/---
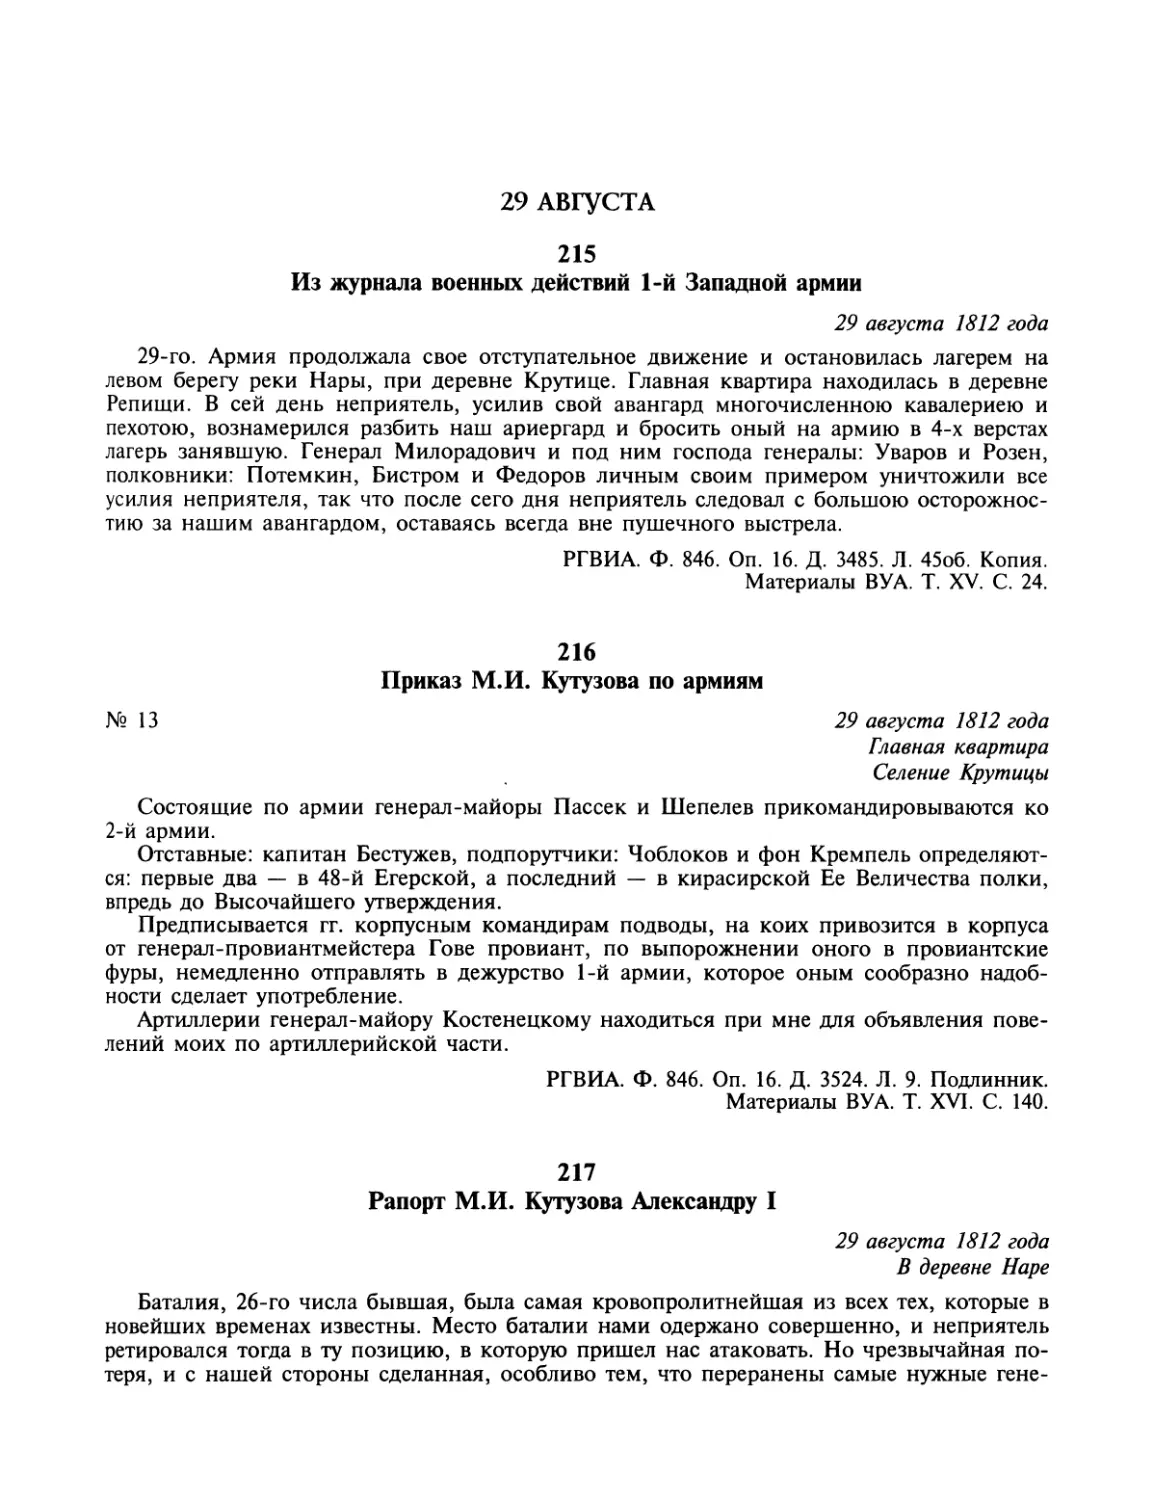 29 августа
Приказ М.И.Кутузова по армиям
Рапорт М.И.Кутузова Александру I
\---
What you are asked to do
Take the line that contains "Приказ М.И.Кутузова по армиям" and every line after it through the end of the listing above, and repeat them exactly.

Solution to this task
Приказ М.И.Кутузова по армиям
Рапорт М.И.Кутузова Александру I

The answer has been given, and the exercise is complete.